_EXERCISE_
Return the first line of the listing below and all the lines after it through the one containing "A 19th Century", exactly, without pictures.

_AVAILABLE DATA_

.....

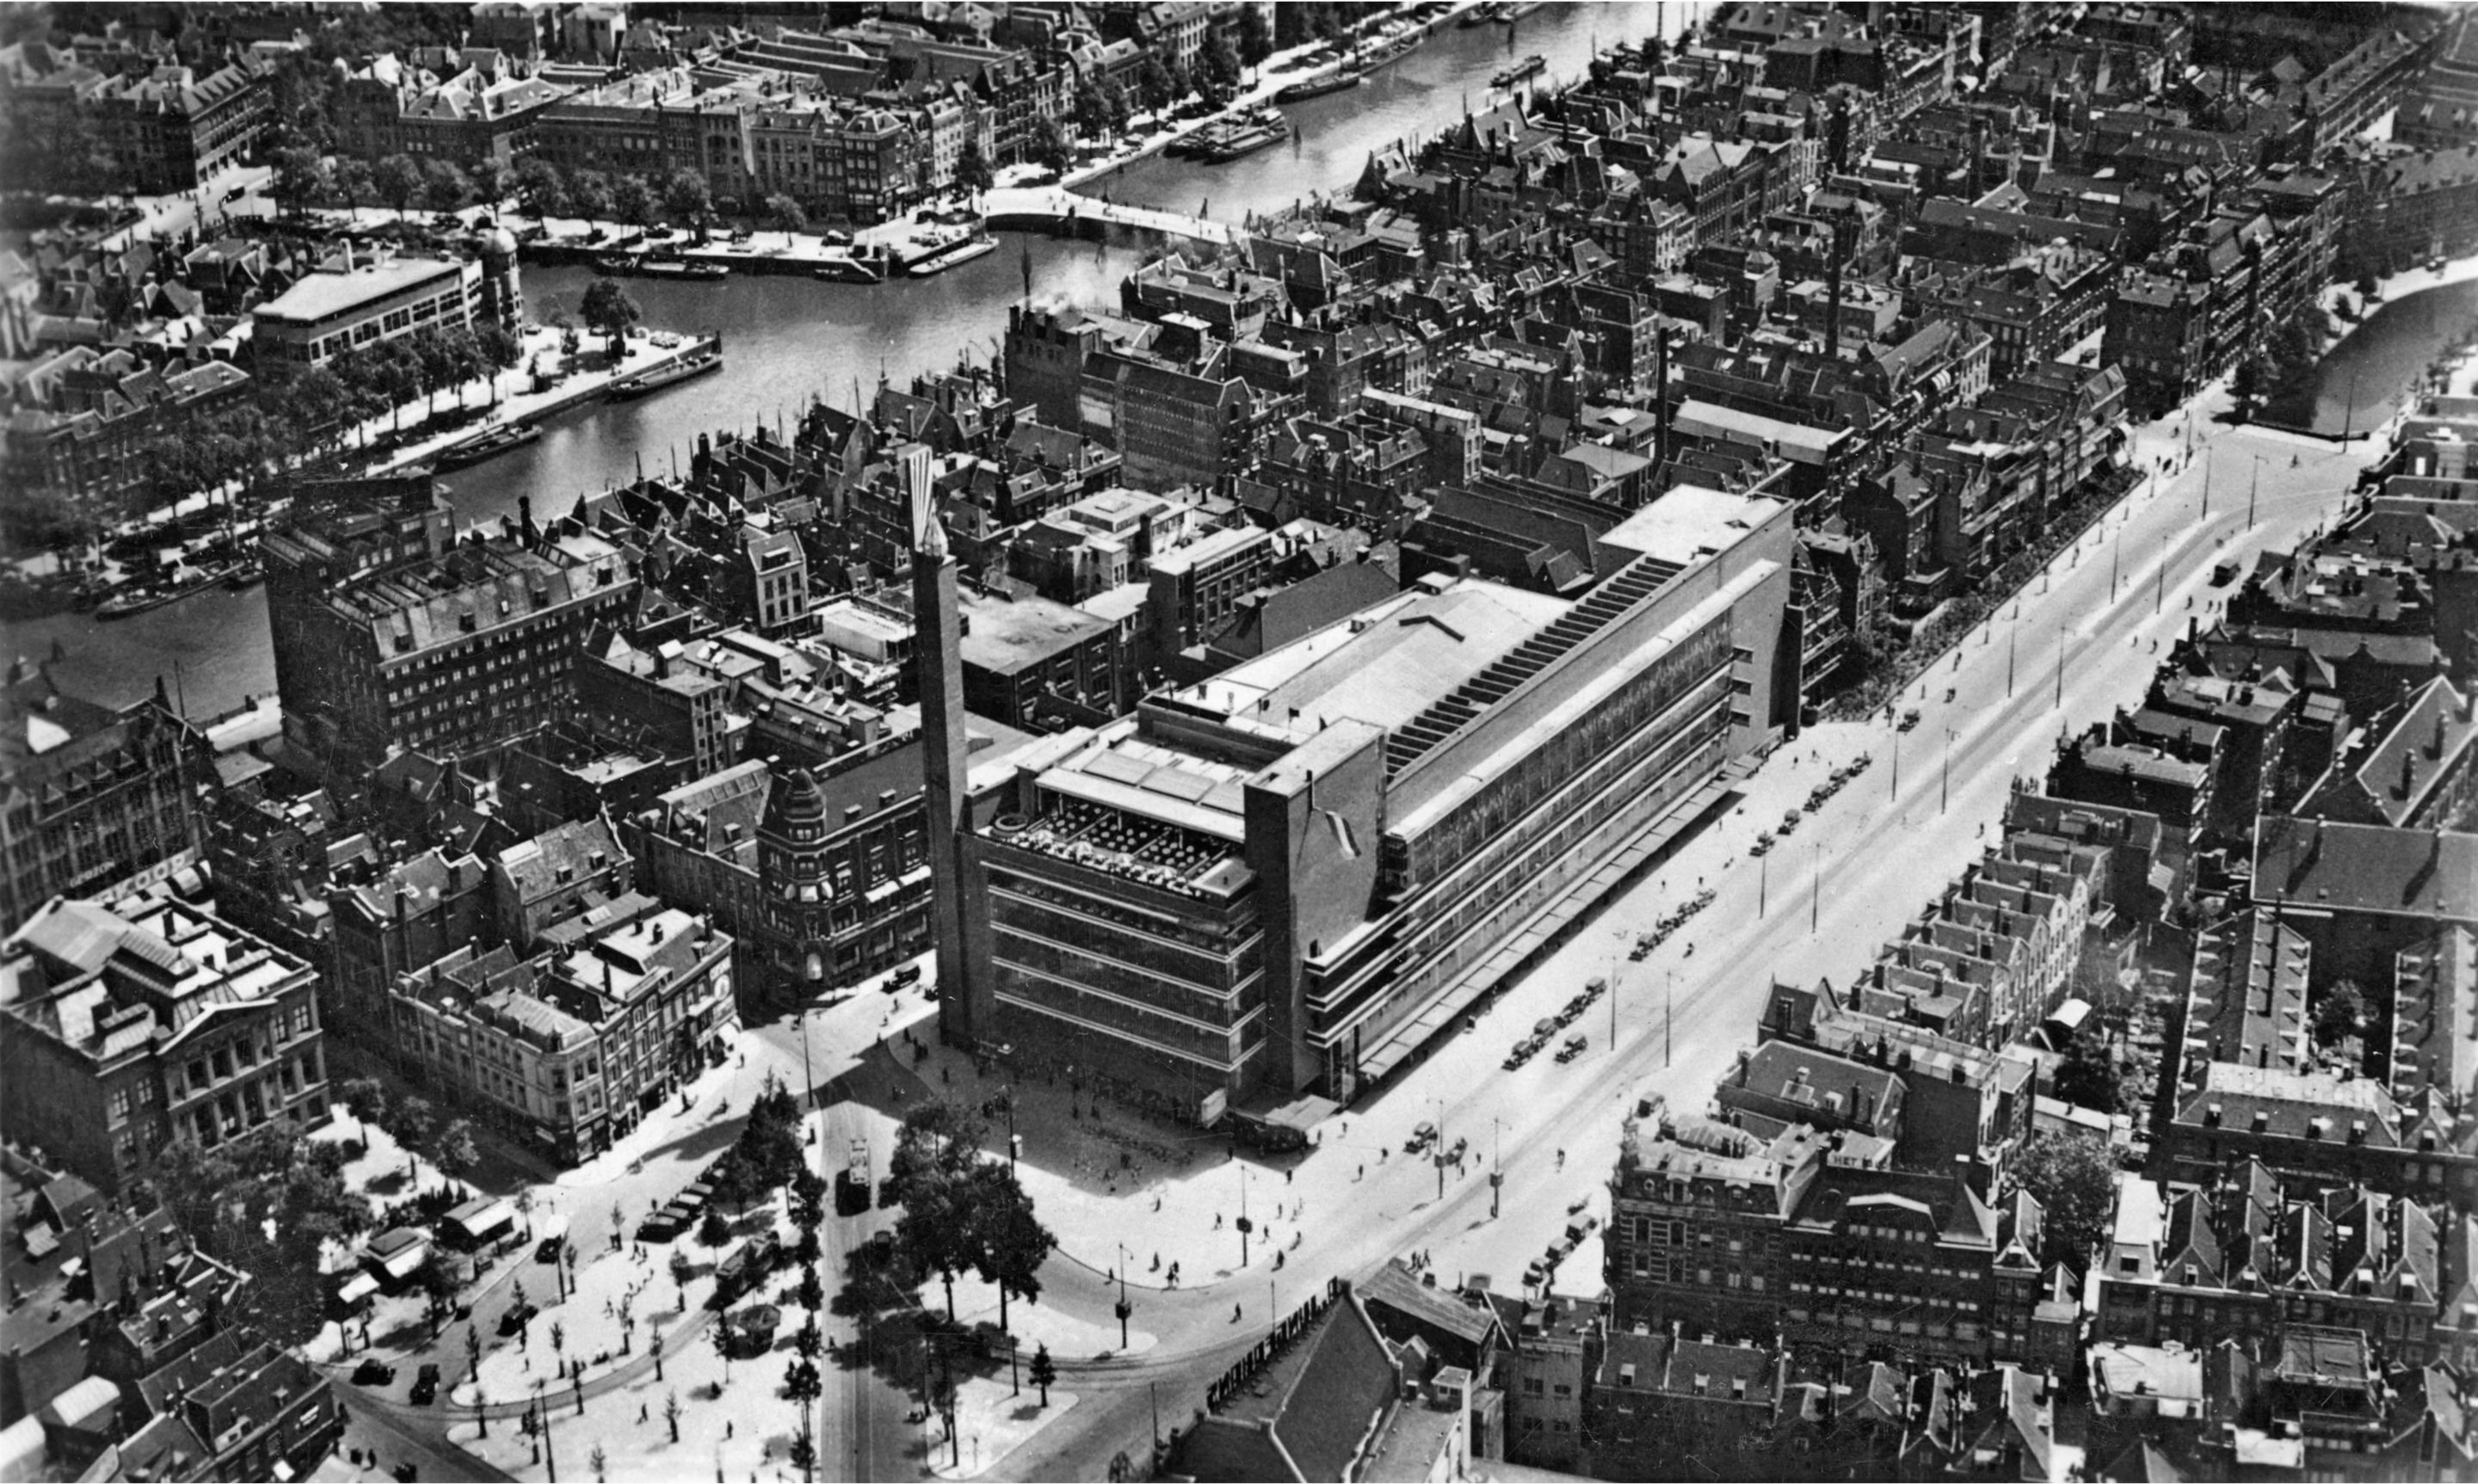 Aerial view of the Coolsingel with the famous Bijenkorf department store Bund
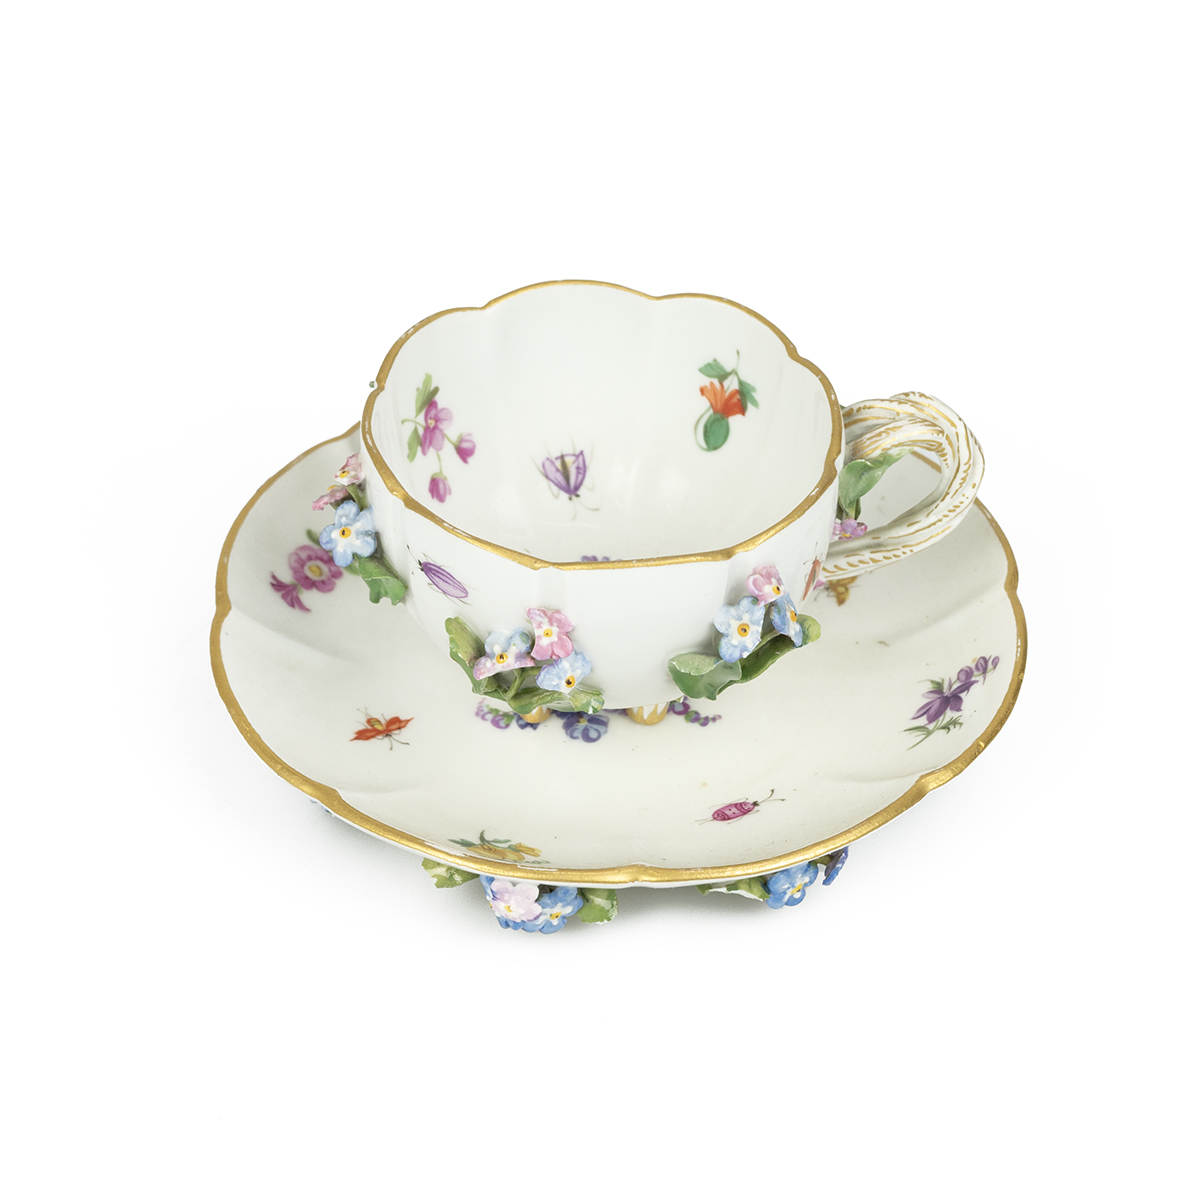 A 19th Century "Flowers and Bugs" tea cup and saucer encrusted with flowers, bearing the Meissen ... - Image 3 of 4
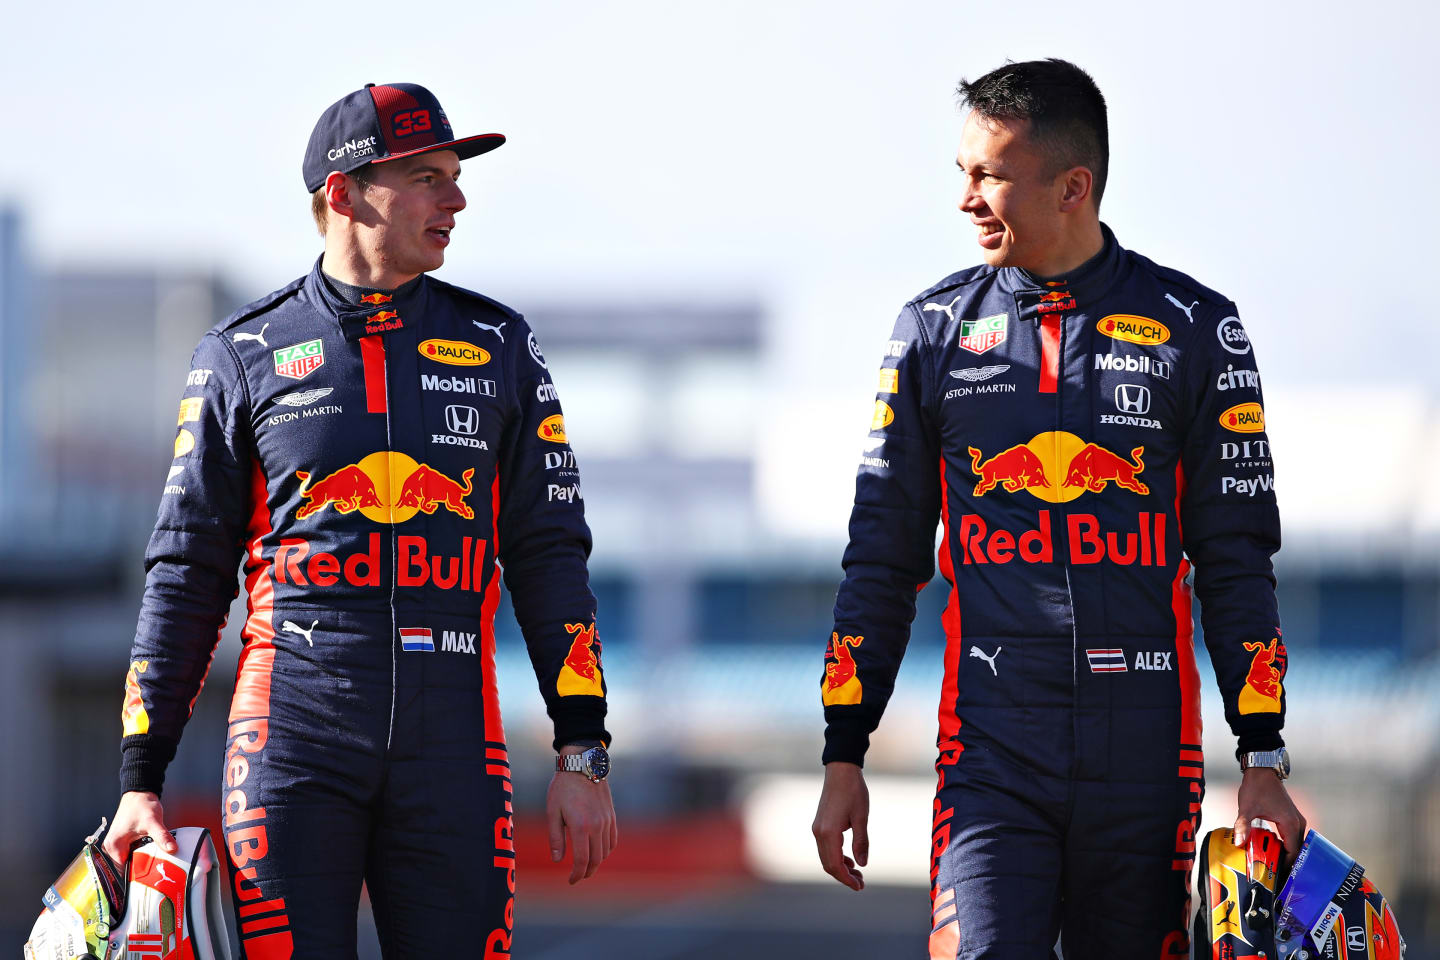 Drivers Max Verstappen and Alex Albon were in attendance to test the new car

.....

_TASK OUTPUT_
 Aerial view of the Coolsingel with the famous Bijenkorf department store Bund
 A 19th Century "Flowers and Bugs" tea cup and saucer encrusted with flowers, bearing the Meissen ... - Image 3 of 4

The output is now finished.